I have been struggling with a bug (in my opinion) of GetImageFromArray in the Numpy bridge. In RTK, I need to graft an Image to a CudaImage when I want to use a Cuda filter using non-Cuda images. See, e.g., this example. However, I sometimes had weird memory behavior which I finally understood: when using GetImageFromArray, the management of the memory is left to numpy by backing up the array in _ndarr, see the code here. When grafting the image created by GetImageFromArray, _ndarr is not copied and the memory is freed if the original image is. Hence the issue. Here is a minimal example to reproduce the problem (hoping the memory is actually overwritten by np.zeros, it worked on my MacOS):
import itk import numpy as np img1 = np.ones(*3).astype(np.float32) img1 = itk.GetImageFromArray(img1) itk.ImageFileWriter(FileName='img1.mha', Input=img1) img2 = type(img1).New() img2.Graft(img1) del img1 np.zeros(*3).astype(np.float32) itk.ImageFileWriter(FileName='img2.mha', Input=img2)
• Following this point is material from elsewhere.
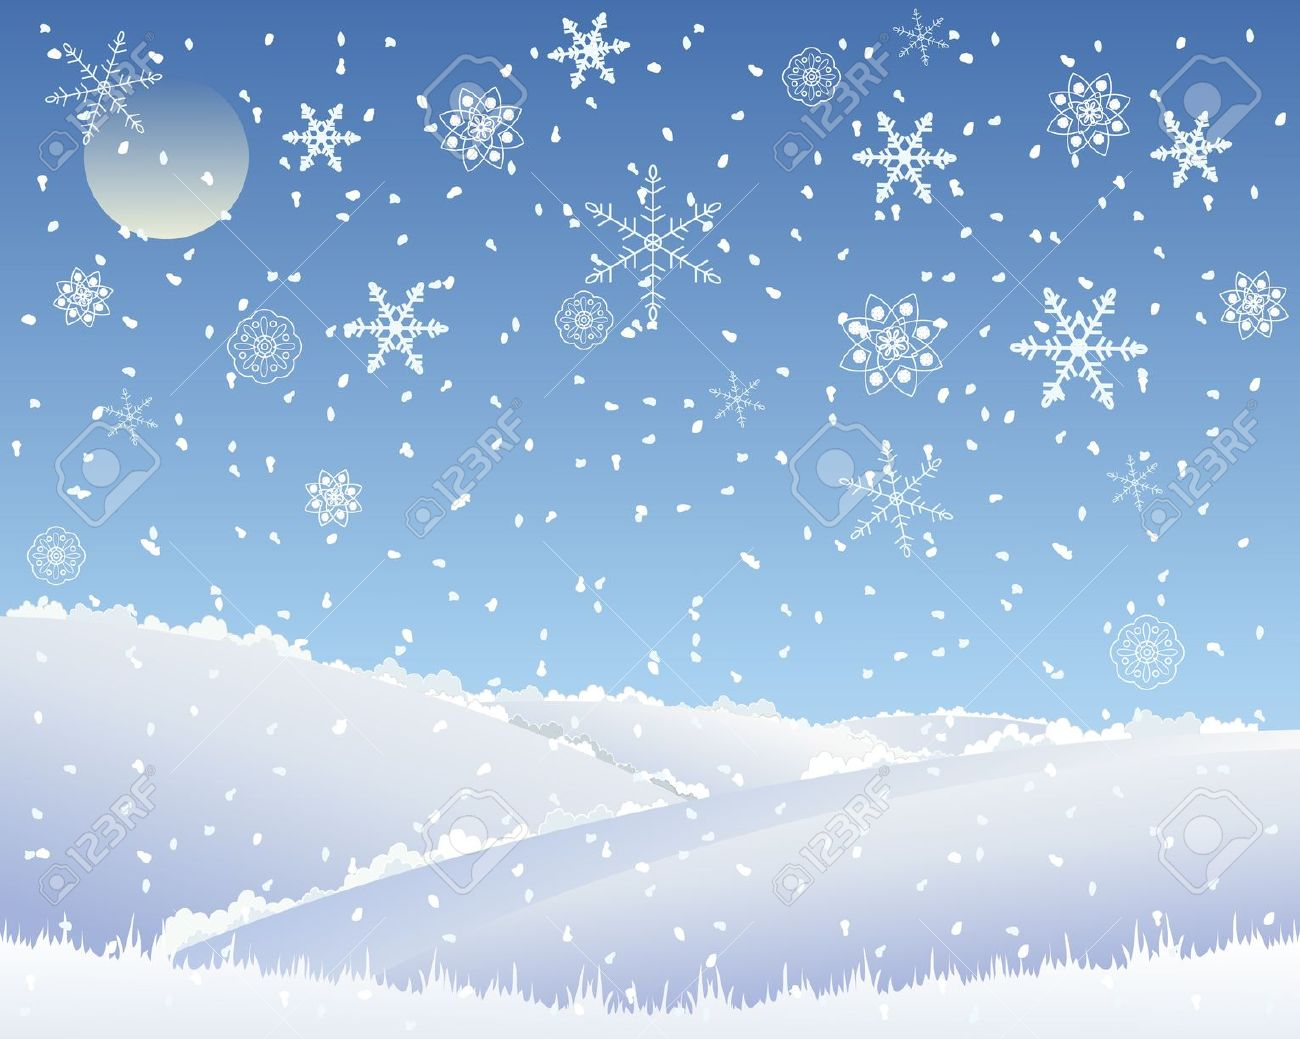 Snowfall clipart - Clipground

Problem; img1 and img2 differ and they should not (with Cuda, cudaMemcpy using img2’s CPU memory pointer hangs…). I have simple workarounds (keep img1) but I think it’s a bug. I see two solutions:
- copy the member _ndarr when grafting (when it exists), but I don’t know how to do that with swig.
- don’t copy the numpy array but create a buffer, copy the data and let the buffer container handle its memory.
I’m happy to try the second solution (or another suggestion) if you agree. What do you think?